Oral Corticosteroid
Pregnancy: Compatible for significant indications — crosses placenta minimally (prednisolone metabolised to inactive form by placenta); monitor for neonatal adrenal insufficiency
Prednisolone (Oral — General Medicine)
Brand names: Prednisolone (generic)
Adult dose
Dose: Inflammatory/autoimmune conditions: 30–60 mg OD initially (or as per condition-specific protocol). Reduce by 5–10 mg every 1–2 weeks when improving. Maintenance: lowest effective dose.
Route: Oral
Frequency: Once daily in the morning (with food)
Max: 60–80 mg/day (acute high-dose); 5–15 mg/day maintenance
Always prescribe 'Prednisolone' — do not use 'steroids' alone on prescriptions. Prescribe with gastric protection (PPI) if at risk of peptic ulcer. Bone protection if >3 months use (bisphosphonate).
Paediatric dose
Dose: 1 mg/kg
Route: Oral
Frequency: OD–BD
Max: 60 mg/day
Concentration: 1 mg/mL or 5 mg/mL oral solution mg/ml
Asthma exacerbation: 1–2 mg/kg/day (max 40 mg) for 3–5 days. Nephrotic syndrome: 60 mg/m²/day or 2 mg/kg/day.
Dose adjustments
Renal
No dose adjustment required; may cause fluid retention in renal failure
Hepatic
Caution — increased risk of infection; active hepatitis is a relative contraindication without antiviral cover
Paediatric weight-based calculator
Asthma exacerbation: 1–2 mg/kg/day (max 40 mg) for 3–5 days. Nephrotic syndrome: 60 mg/m²/day or 2 mg/kg/day.
Clinical pearls
- Sick day rules: never suddenly stop after >3 weeks use — adrenal suppression.
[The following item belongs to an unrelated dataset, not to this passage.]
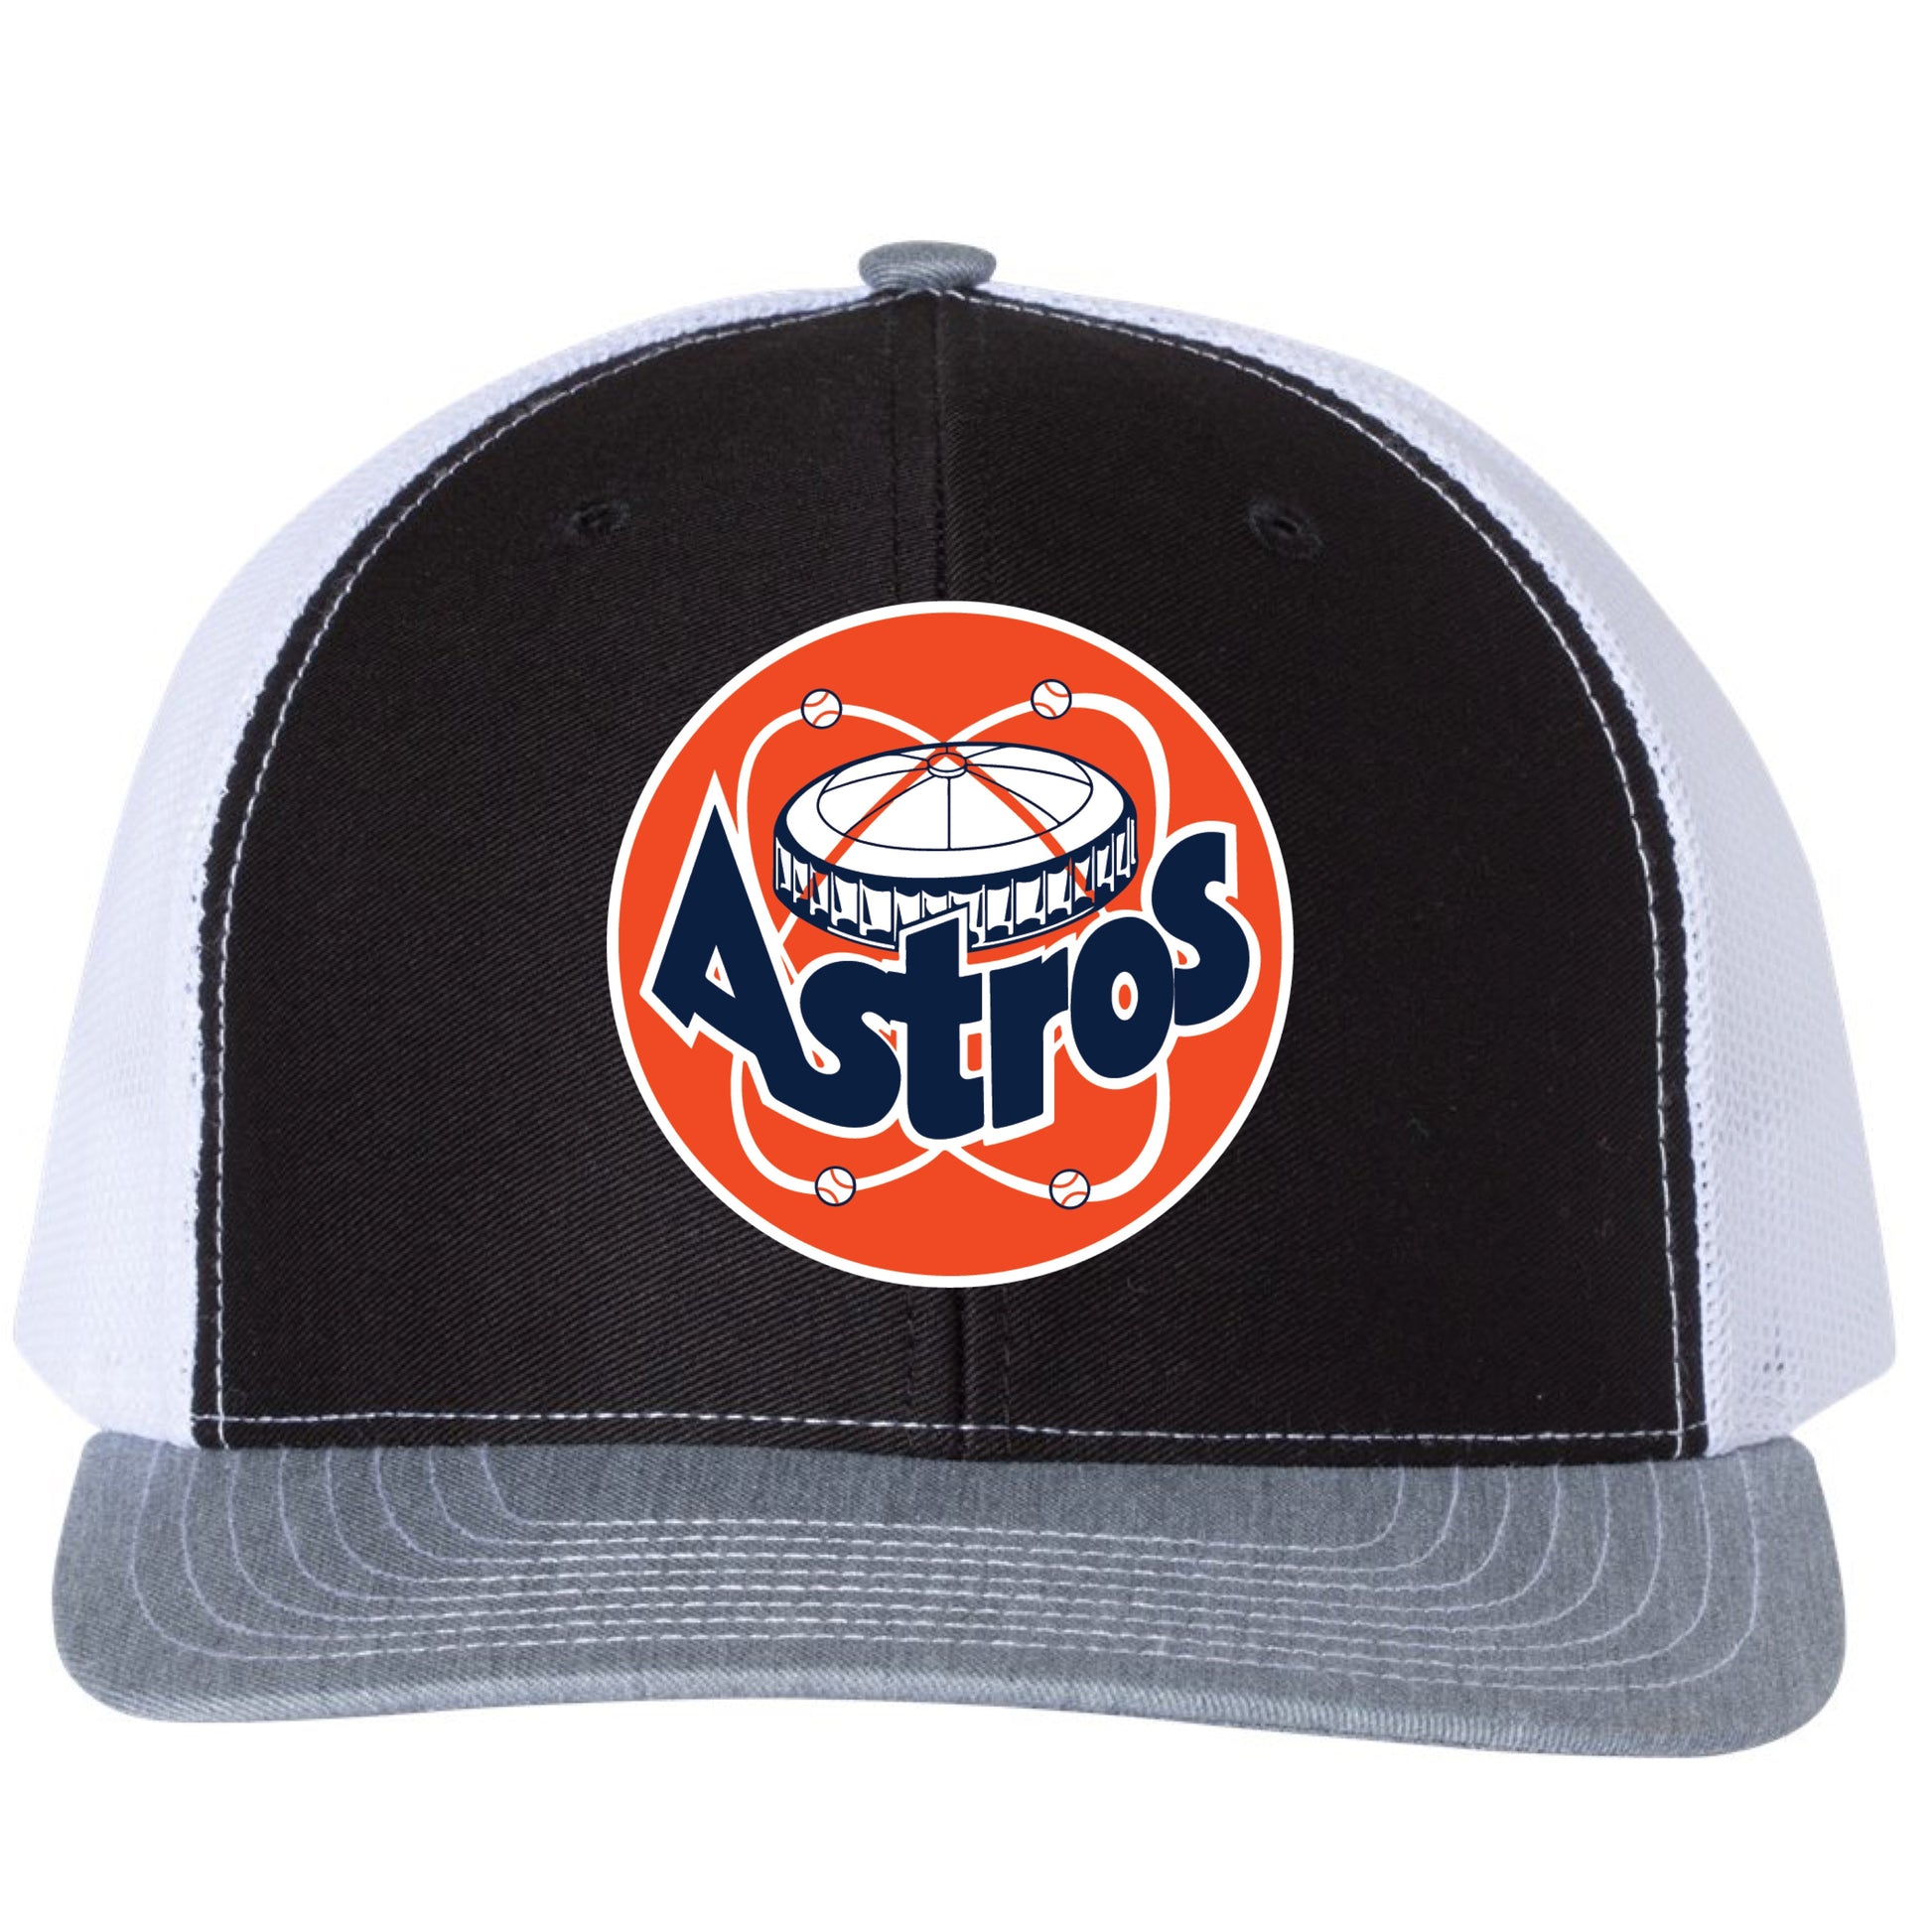 Astros Retro Astrodome Classic 3D Snapback Trucker Hat- Black/ White/ Heather Grey - Ten Gallon Hat Co.

Reduce gradually.
- Bone protection: start bisphosphonate (alendronate) + calcium/vitamin D if course >3 months anticipated (FRAX-guided)
- Steroid card: carry blue steroid card during any course >3 weeks or doses equivalent to >6 mg prednisolone/day
- Hyperglycaemia: check random blood glucose after starting; may unmask T2DM or require insulin adjustment
Contraindications
- Active systemic fungal infection (without antifungal cover)
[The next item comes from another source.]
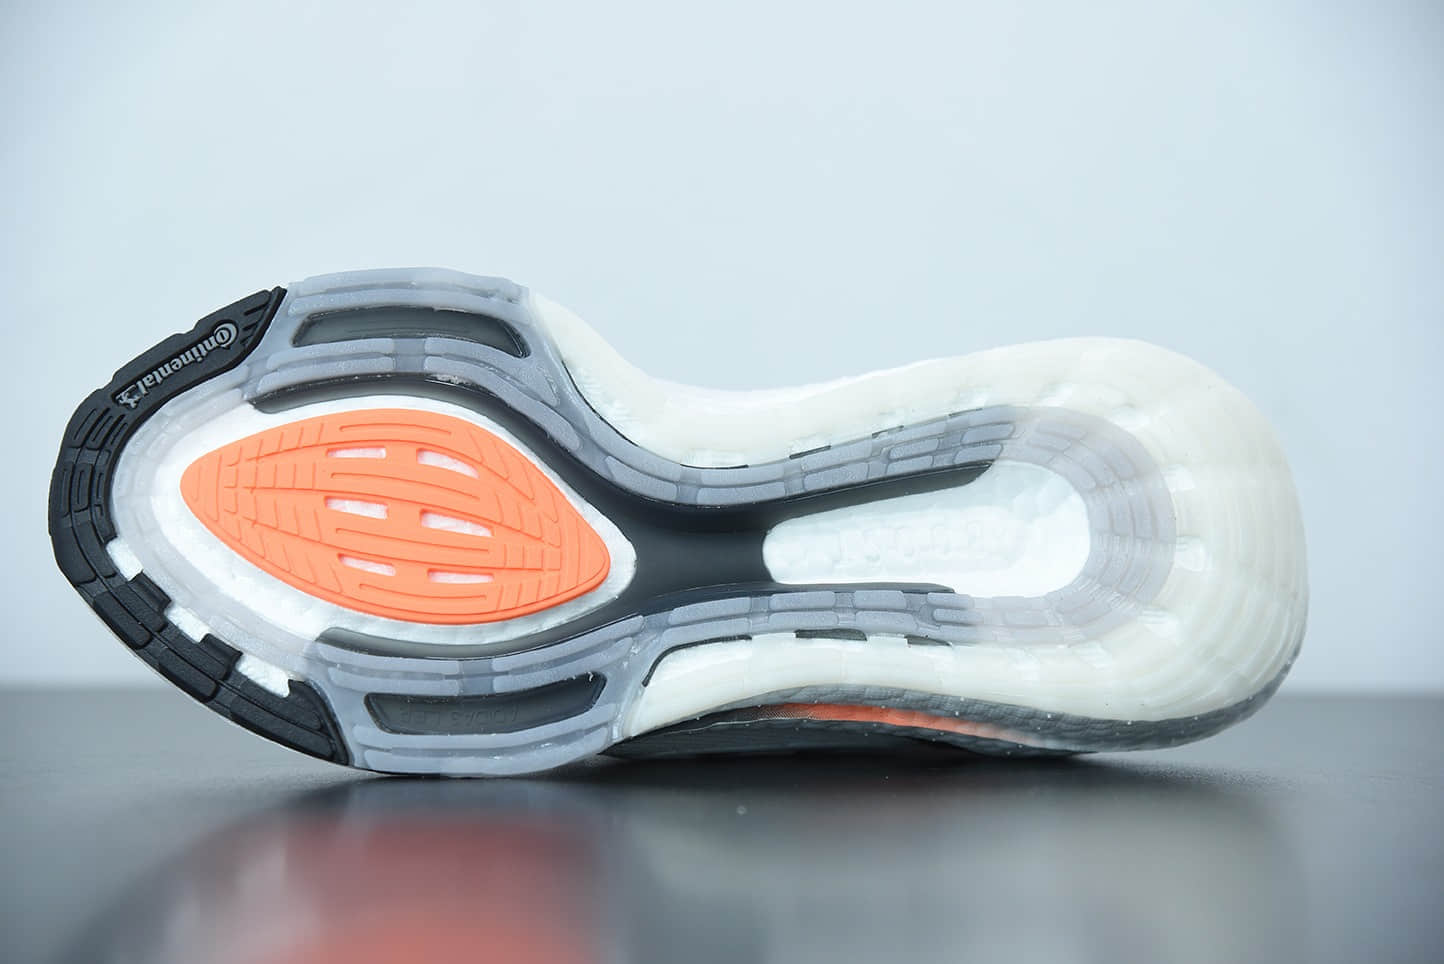 阿迪达斯 Adidas ultra boost 2021系列白橙配色袜套式针织鞋面休闲运动慢跑鞋纯原版本 货号：FY0375

- Live vaccines contraindicated with immunosuppressive doses
Side effects
- Hyperglycaemia (steroid-induced diabetes)
- Hypertension
- Weight gain/moon face/truncal obesity
- Osteoporosis (long-term)
- Adrenal suppression
- Psychiatric effects (mania, depression, psychosis)
- GI bleeding
- Cataracts (long-term)
- Increased infection susceptibility
- Growth suppression (children)
Interactions
- NSAIDs — additive GI bleeding risk
- Anticoagulants — variable effect on INR (monitor)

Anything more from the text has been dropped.